[What to produce]:
Repeat the data as given. Images do not go in the copy.

[Raw data]:
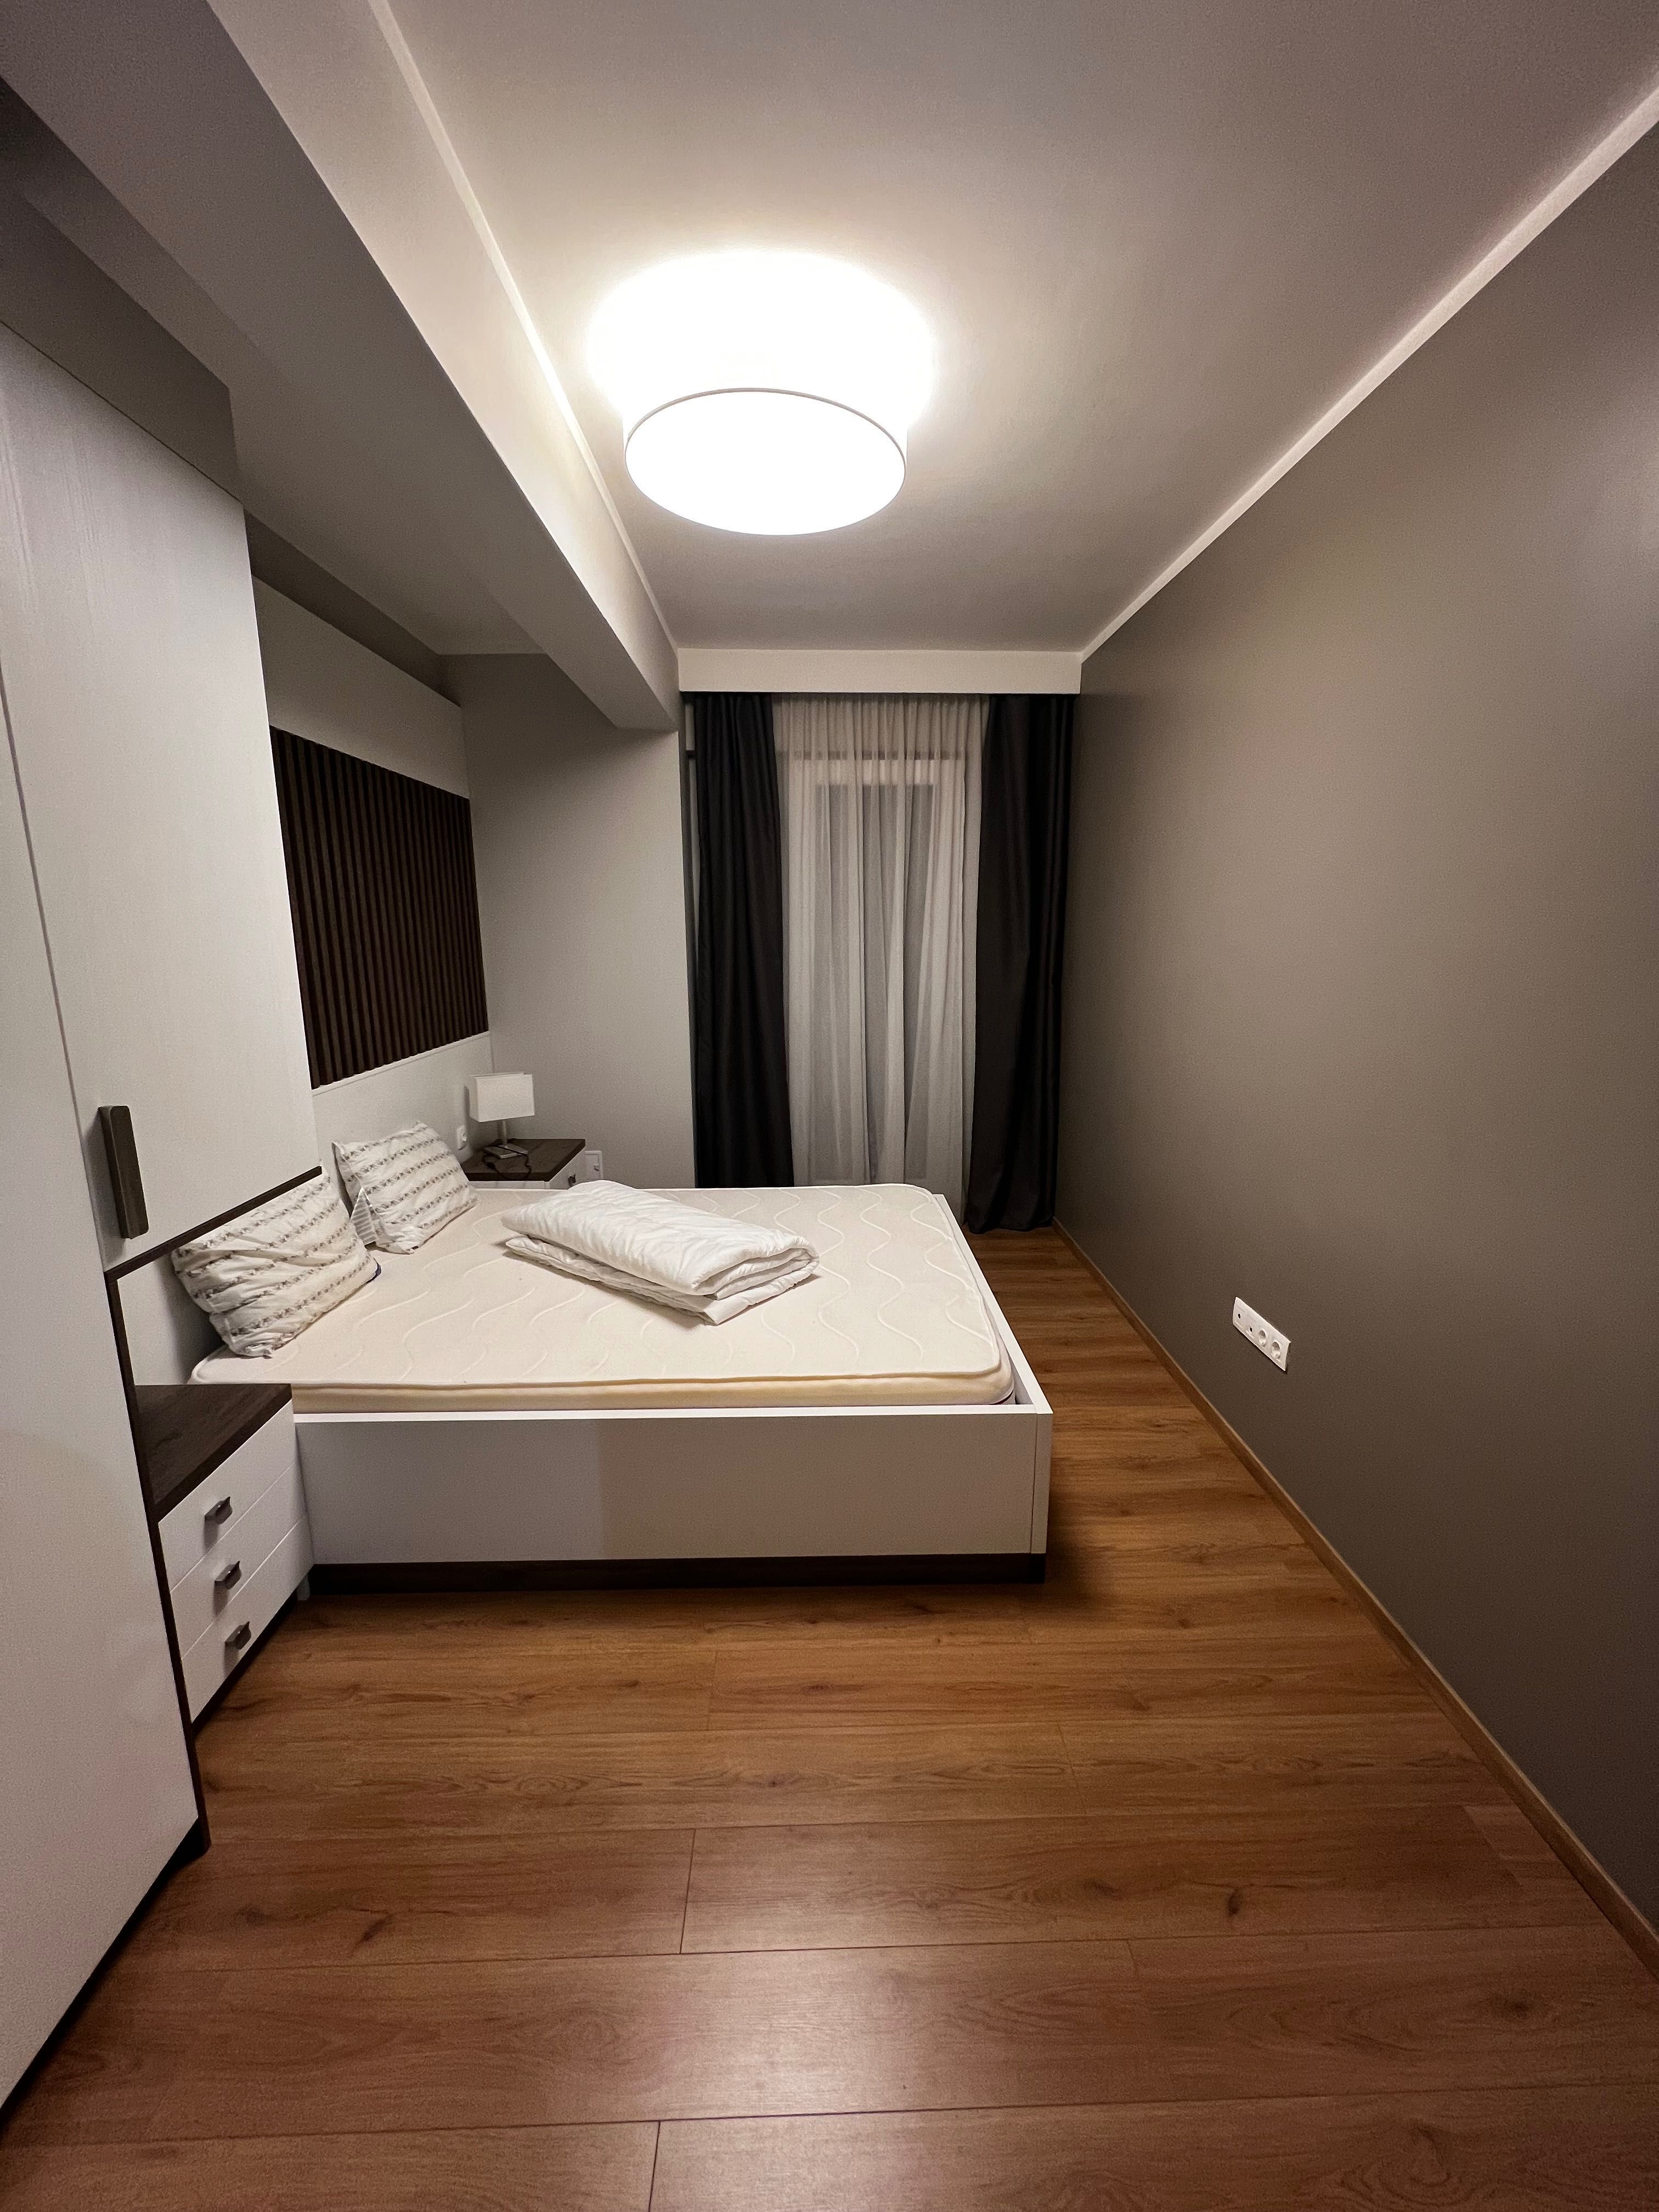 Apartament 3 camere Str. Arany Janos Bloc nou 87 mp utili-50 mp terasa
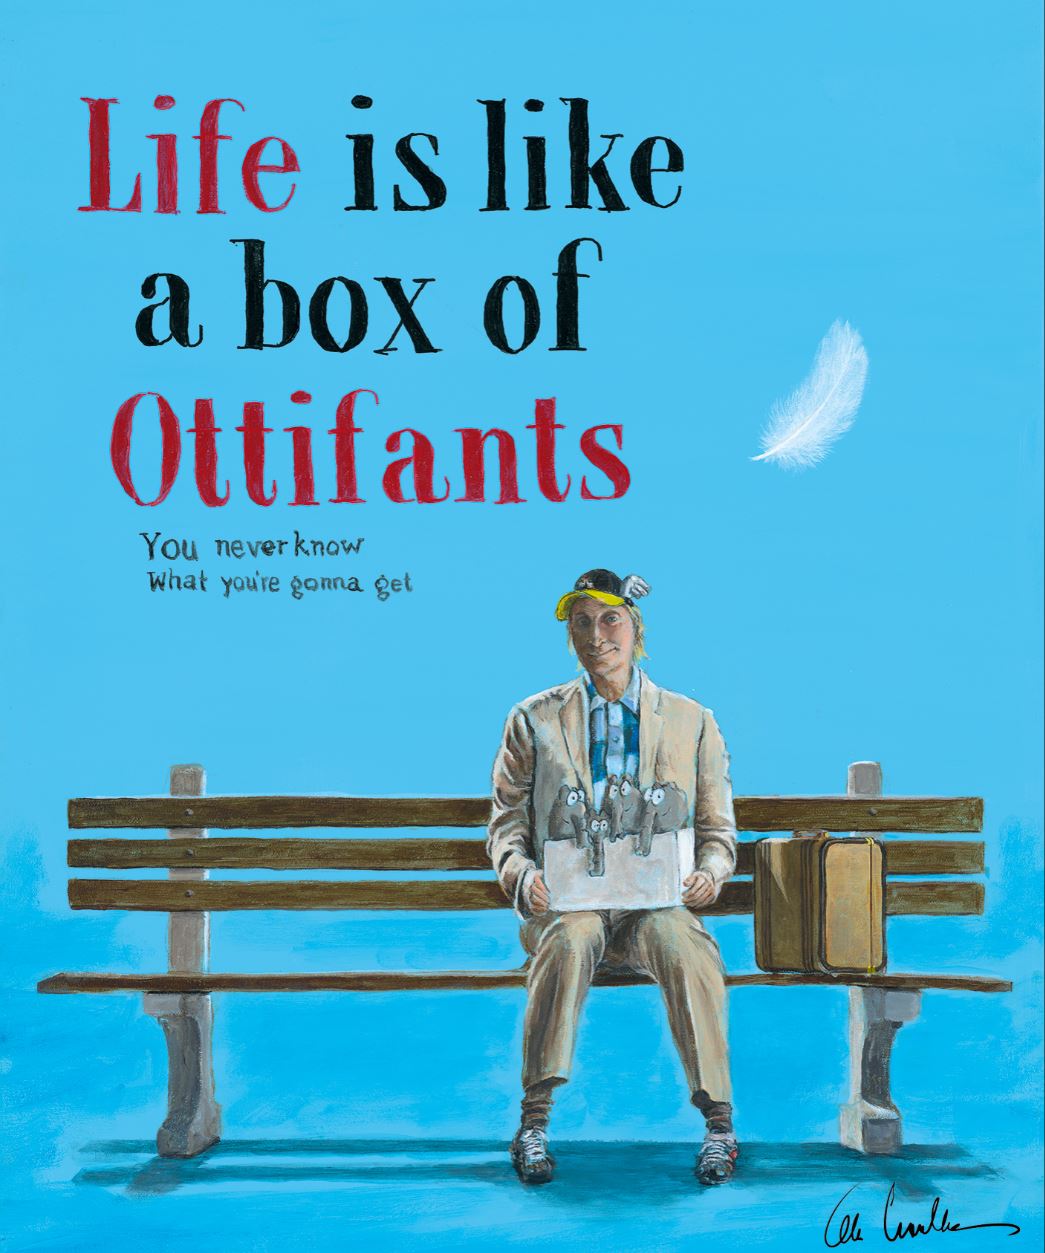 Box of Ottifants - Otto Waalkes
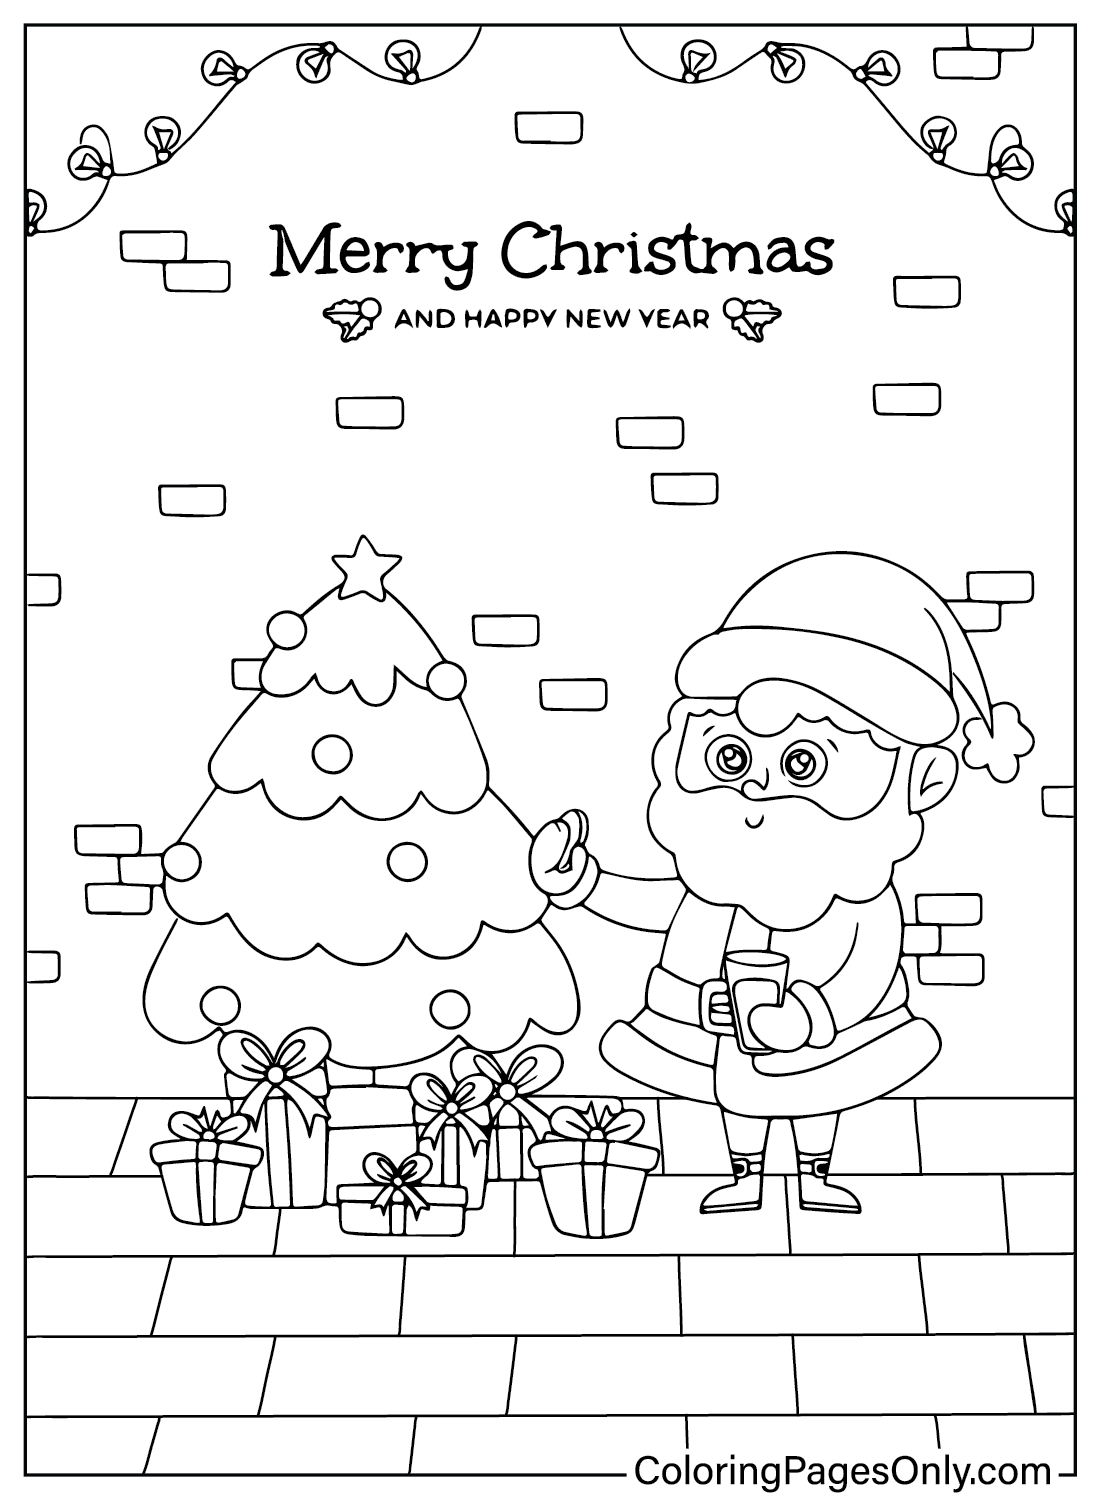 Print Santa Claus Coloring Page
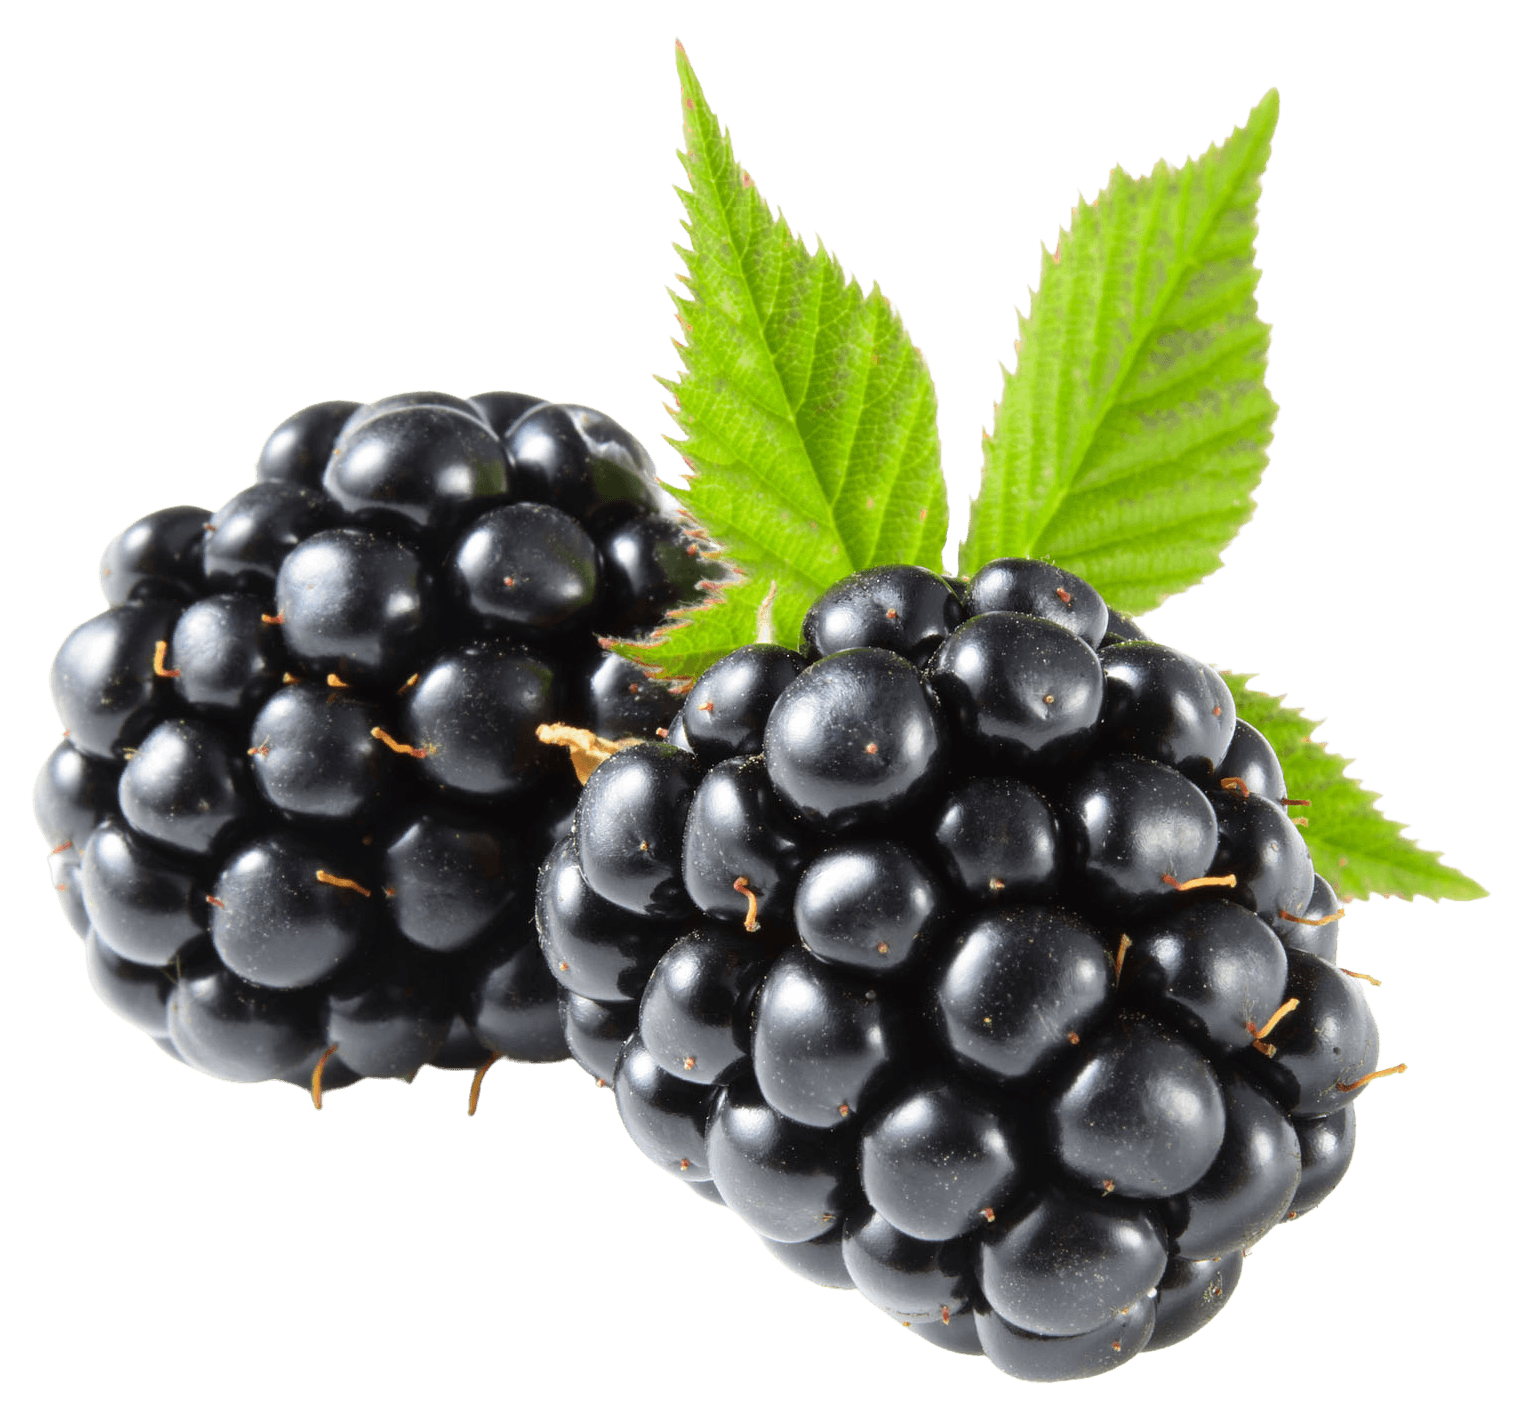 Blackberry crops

[Output of the exercise]:
 Apartament 3 camere Str. Arany Janos Bloc nou 87 mp utili-50 mp terasa
 Box of Ottifants - Otto Waalkes
 Print Santa Claus Coloring Page
 Blackberry crops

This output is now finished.